On our very short trip to Pennsylvania for our Grandmother's supposed special mass (which turned out to be a normal mass with the mention of her name long before we arrived, but that's another story for another day), we made a few stops along the way, one of the first of which was to the Trans Allegheny Lunatic Asylum in Weston, West Virginia. Granted, we didn't have enough time to do anything but walk around the outside and visit the gift shop (no time for tours), but I think it changed me a bit (more on that later).

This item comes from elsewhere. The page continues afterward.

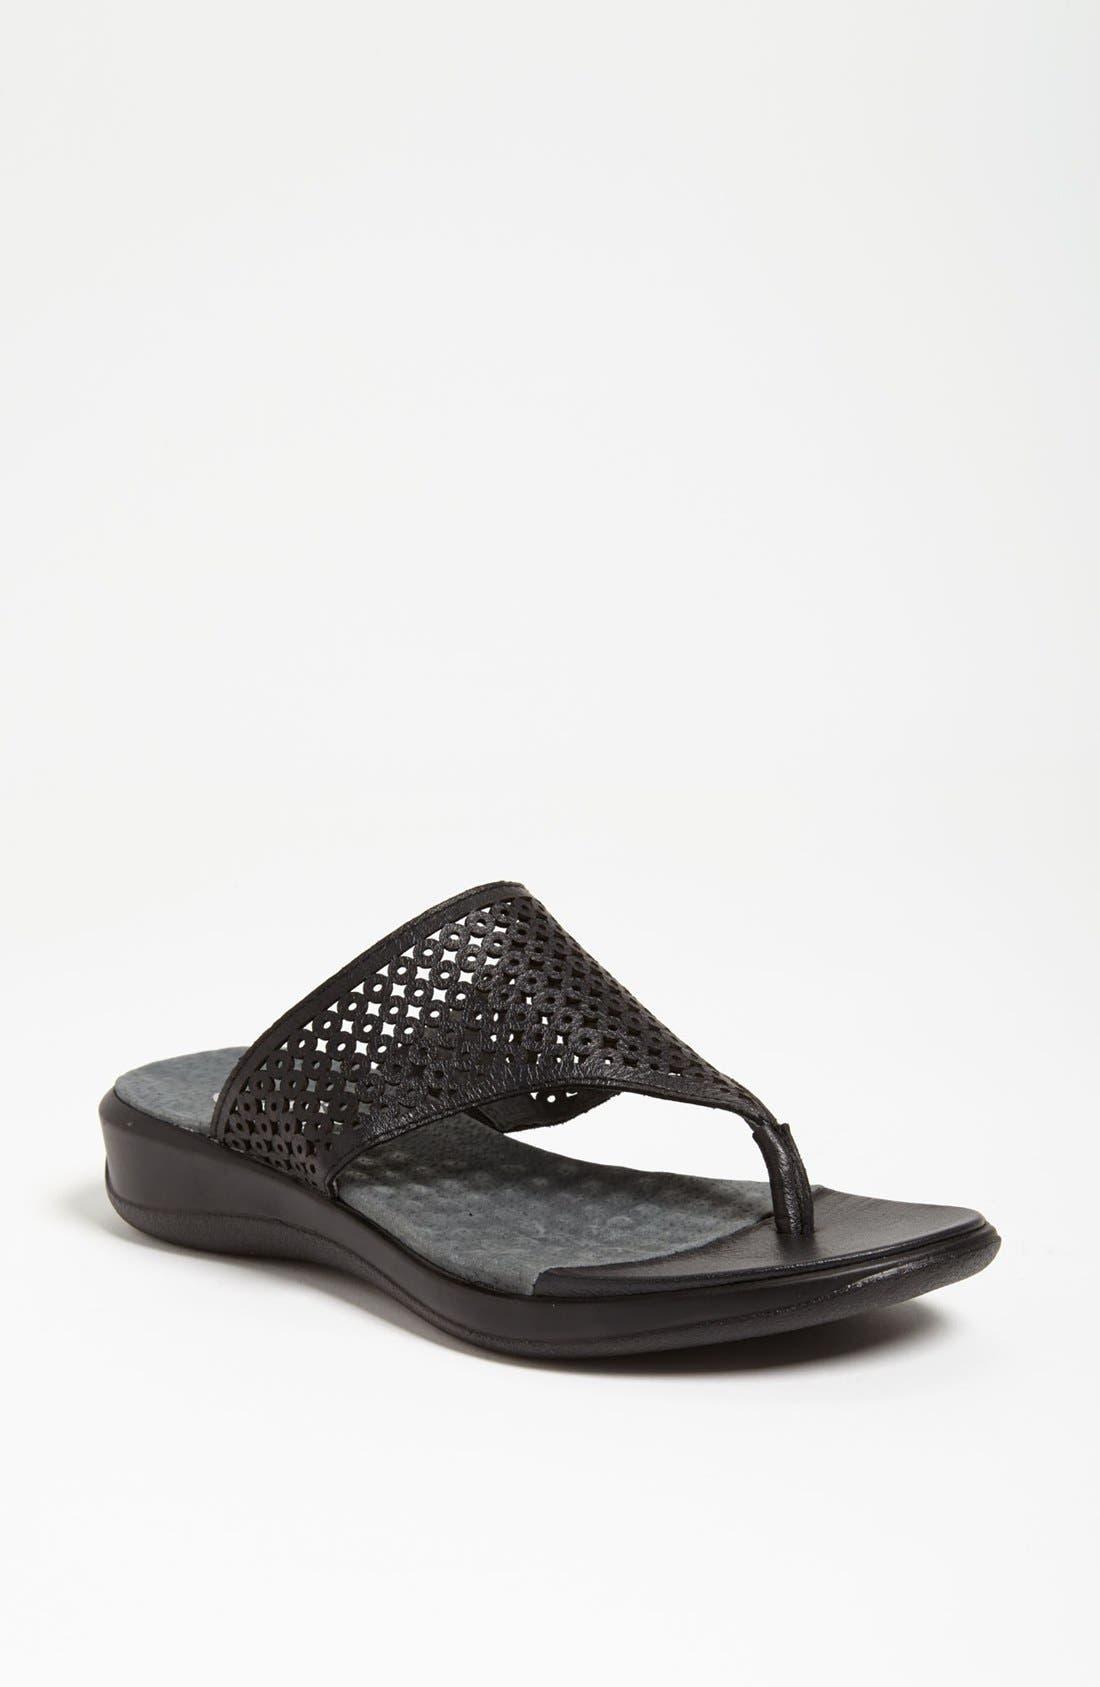 Alternate Image 1 Selected - SoftWalk® 'Tallahassee' Sandal

The main building is extremely imposing, but not scary in the least:
Actually, the scariest buildings were the abandoned building across the street:
And the rather imposing building that was either the medical facility or the school (since we didn't take the tour, we're not really sure):
The architecture of the main building was absolutely stunning and I was surprised to find it made of blue sandstone versus the typical limestone:
They did have their Halloween colors out:
My Sister was obsessed with that little chair for some reason...I couldn't get her to even notice the body chute right next door (and dumb me was so busy trying to get her to notice it, I forgot to get a picture of it):
I love how the sandstone weathers:
At one point, my Sister went off to get the car (we parked across the street) and as I was waiting, I found myself literally almost hugging the building, something I would NEVER do at a supposed haunted location. But I think my recent foray into the mental health system has changed my views of things. There was an incredible sadness to the building. I could feel all the bad ju-ju vibes too, but the sadness was almost overwhelming and I felt like I just wanted to hug it all away. I stood here for the longest time. I tried not to look creepy by rubbing the building, but frankly, that was exactly what I was doing. I rested my head up against it too at one point. The pull was so strong to go inside and I don't just mean inside the doors, but almost like inside the stone...I know, sounds totally nutballs, but hey, guess we already know that to be a fact!
The entrance doors were beautiful as well (photos weren't allowed inside without paying a very hefty fee - not nice):
Although my Sister did take one pointing inside the door (so does that count?):
It took her forever to get the car and I was starting to worry (because there were some unsavory characters hanging about), but come to find out, she just found some neat things to take pictures of across the street:
I so wish I had her photographic eye!
I never even noticed the waterfall:
Like I said, we didn't get to stay very long, we both bought a T-shirt and a book and out the door we went although I almost felt like I had to be dragged...I wanted to stay, which is incredibly odd considering the trauma I just went through. We tried to drive around it, but surprisingly, the area surrounding it is heavily populated with houses! Who in the hell would want to live that close to an insane asylum, let alone a haunted abandoned one? But we did get some parting shots including a side shot of the "scary" building:
I have the feeling this is where the patients were brought in at...deja vu:
The old greenhouse:
Some of the other buildings we couldn't see from the front:
This tree has literally grown into the metal fence and they tried to cut it, but it's still there! I felt like it was very symbolic...nature disrupted by the sharp coldness of man's invasive, cutting, and brutal progress:
No ghosties in the windows, but I wouldn't rule it out!
Like I mentioned, I bought a shirt and it had writing on the back (which I normally hate), but this was rather pointant and I've been wearing it a lot lately. It's a quote from Thomas Kirkbride, who came up the "new" plan of asylums, “There is no reason why an individual, who has the misfortune to become insane, should, on that account, be deprived of any comfort or even luxury". I lived this horror 150 years afterwards because the practice still goes on today (although not nearly to the same degree).
We fully plan to go back one day and do the full tour...of all the places we stopped on this trip, I think my Sister enjoyed this one the best (as did I), so I think it should warrant a special solo trip. I'm extremely curious to get deep inside the place and see if my "feelings" change from positive (well, sort of positive) to scared/negative.
We did actually make a few more stops, some of which can be combined into one post (and most from the car window), so hopefully I'll those up in a couple of days).